AlexeyAB / darknet

YOLOv4 / Scaled-YOLOv4 / YOLO - Neural Networks for Object Detection (Windows and Linux version of Darknet )
http://pjreddie.com/darknet/
Other
21.72k stars 7.96k forks source link

Improve object detection - tiny version #3497

Open berserker opened 5 years ago

berserker commented 5 years ago

I'm following the advices as described in "How to improve object detection" but I'm using the "yolov3-tiny_3l" and I need to detect small objects. I have the following questions:

Thanks for your help!

AlexeyAB commented 5 years ago

Now I have the following mask values for the above anchors: first yolo layer: mask = 3,4,5,6,7,8 (this is because I suppose 1,189 to be > of 60x60...right?) second yolo layer: mask = 2 (this is because I suppose 1,78 to be > of 30x30...right?) third yolo layer: mask = 0,1

Yes, try this.

Change these lines: https://github.com/AlexeyAB/darknet/blob/master/cfg/yolov3-tiny_3l.cfg#L198-L202

to these:

[upsample]
stride=4

[route]
layers = -1, 4
berserker commented 5 years ago

Thanks for the support @AlexeyAB! Please can you elaborate how to compute [upsample] and [route] to improve small objects detection? I'd like to test other configurations too but I don't know how to update those values ​​accordingly.

alexanderfrey commented 5 years ago

@AlexeyAB Do you suggest to change the same lines

[upsample]
stride=4

[route]
layers = -1, 4

For the yolov3_tiny_pan_lstm.cfg to imrove small objects detection ?

AlexeyAB commented 5 years ago

@alexanderfrey Yes

alexanderfrey commented 5 years ago

@alexanderfrey Yes

When I do this for the last upsampling layer I receive the following error:

51 Layer before convolutional layer must output image.: File exists
darknet: ./src/utils.c:293: error: Assertion `0' failed.
AlexeyAB commented 5 years ago

@alexanderfrey You doing something wrong.

In any cases, it doesn't make sanse for PAN network, since PAN-block already do this.

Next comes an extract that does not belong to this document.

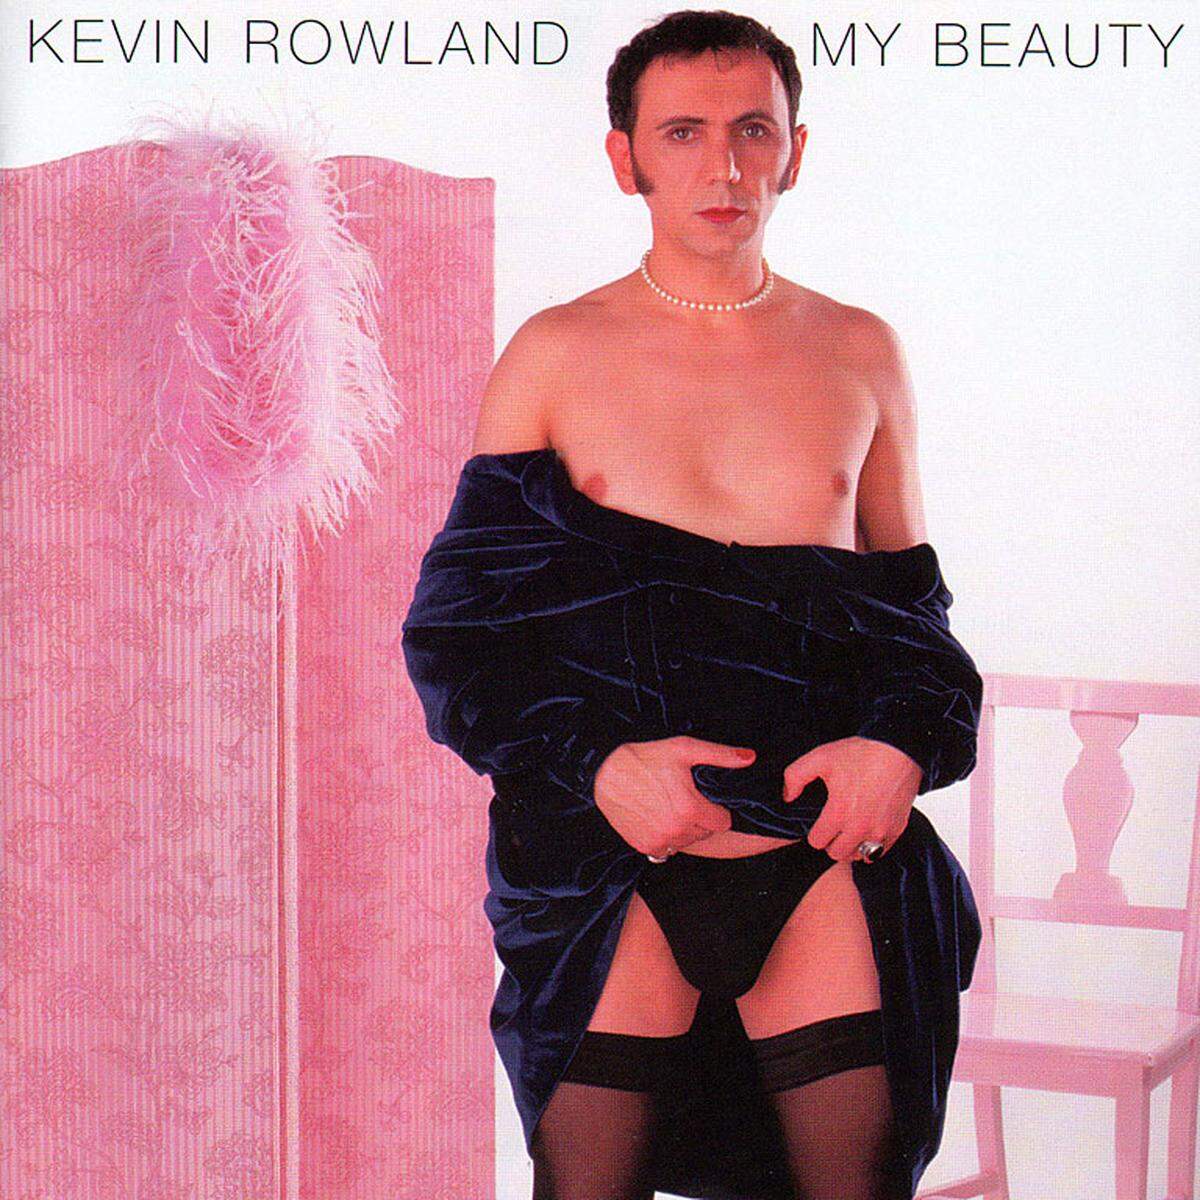 Kevin Rowland - My Beauty (1999)

berserker commented 5 years ago

Now I have the following mask values for the above anchors: first yolo layer: mask = 3,4,5,6,7,8 (this is because I suppose 1,189 to be > of 60x60...right?) second yolo layer: mask = 2 (this is because I suppose 1,78 to be > of 30x30...right?) third yolo layer: mask = 0,1

Yes, try this.

I got a very low mAP with calculated anchors :( (with the "default" configuration I reach ~60%): chart

Change these lines: https://github.com/AlexeyAB/darknet/blob/master/cfg/yolov3-tiny_3l.cfg#L198-L202

to these:

[upsample]
stride=4

[route]
layers = -1, 4

Default anchors with this change give me +10%! Here it is the current chart (still training...): chart_new

The project's target is to reach at least 90% of confidence and, once this new train will be completed, I need to figure out how to improve further the mAP. Do you think that one of these ideas could improve mAP (considering that I can "render" the input images with Blender)?

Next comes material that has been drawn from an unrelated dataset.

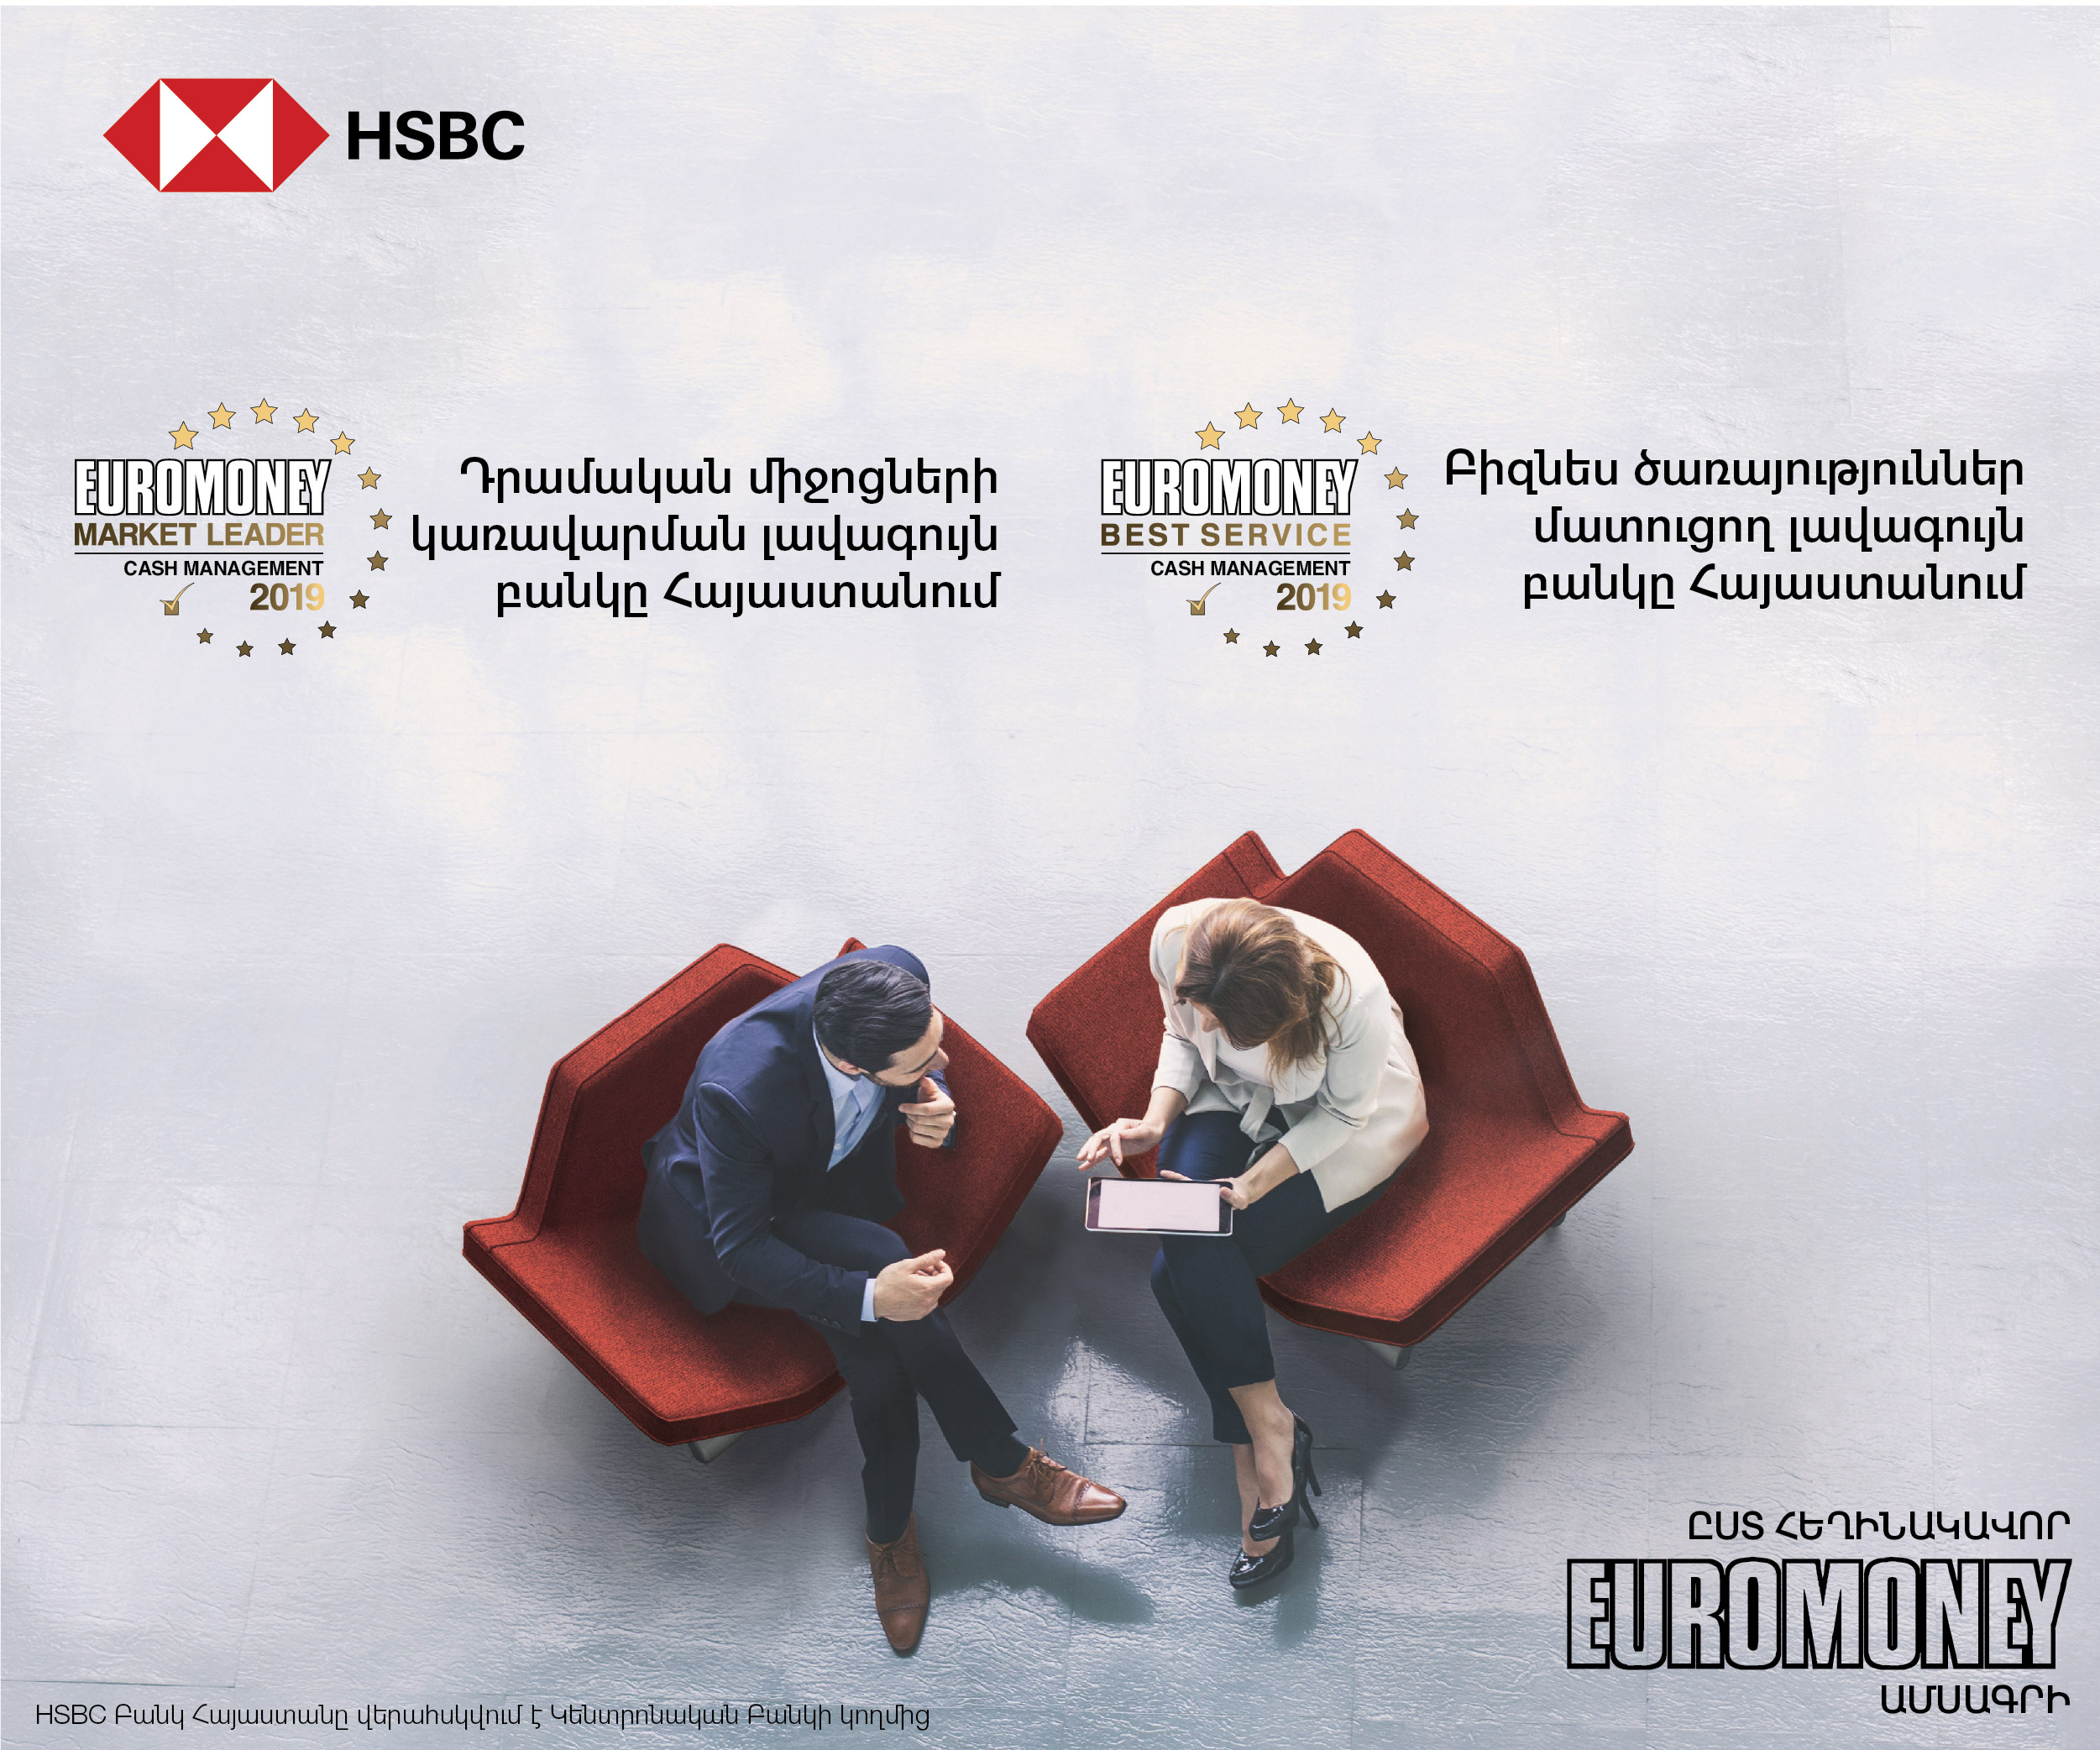 HSBC Հայաստանը` «Դրամական միջոցների կառավարման լավագույն բանկ» ըստ «Euromoney» ամսագրի

  1. Remove any intersection/overlap in tagged images: I have lots of samples with tagged regions that "overlap" or are very close each other as in the following snapshop (the 2 regions in the bottom/left): overlap Do you think that this case interferes with the train? I can detect this situation ad exclude the input image from the dataset.
  2. Since I'm automatically tagging the source images (I know where I create an "object" once I render the image with Blender) I'm exactly defining the regions at the relative pixels as you can see below: Tagged object (with displayed tagged region): tagged Same tagged object (without displayed tagged region): plain Do you think that inflating each tagged region with +1 pixel on each rect's side could improve mAP?
  3. I'm training my model with jpeg images (Blender's output) and as you can see in the 2 above screenshots the "contours" of the tagged object have a lot of "noise" (probably due to jpeg compression). Do you think that using png images instead of jpegs could improve mAP? I'm asking because it requires a LOT of time to regenerate my dataset...I read that jpeg compression doesn't influence in general machine learning but in my case the objects are very small and maybe the "noise" around the object could make a big difference.
  4. When I render my objects in Blender there is a procedure to find out if a tagged object is "relevant" or not (if not I remove it from the rendered image, there isn't any object not tagged in my dataset as far as I know) but this procedure caused my dataset to contains lots of "empty" images. I read in the advices that "empty" images are fine to improve objects detection but my dataset (~250k images) contains ~15% of empty images: do you think that a lot of these images could decrease the mAP?

Thanks again for the support!!

AlexeyAB commented 5 years ago

So use default anchors. Just may be decreasey 2x-4x width of anchors, without chaning masks.

berserker commented 5 years ago

So use default anchors. Just may be decreasey 2x-4x width of anchors, without chaning masks.

Thanks, I'll try that 👍 Do you have any hint of my last 4 questions?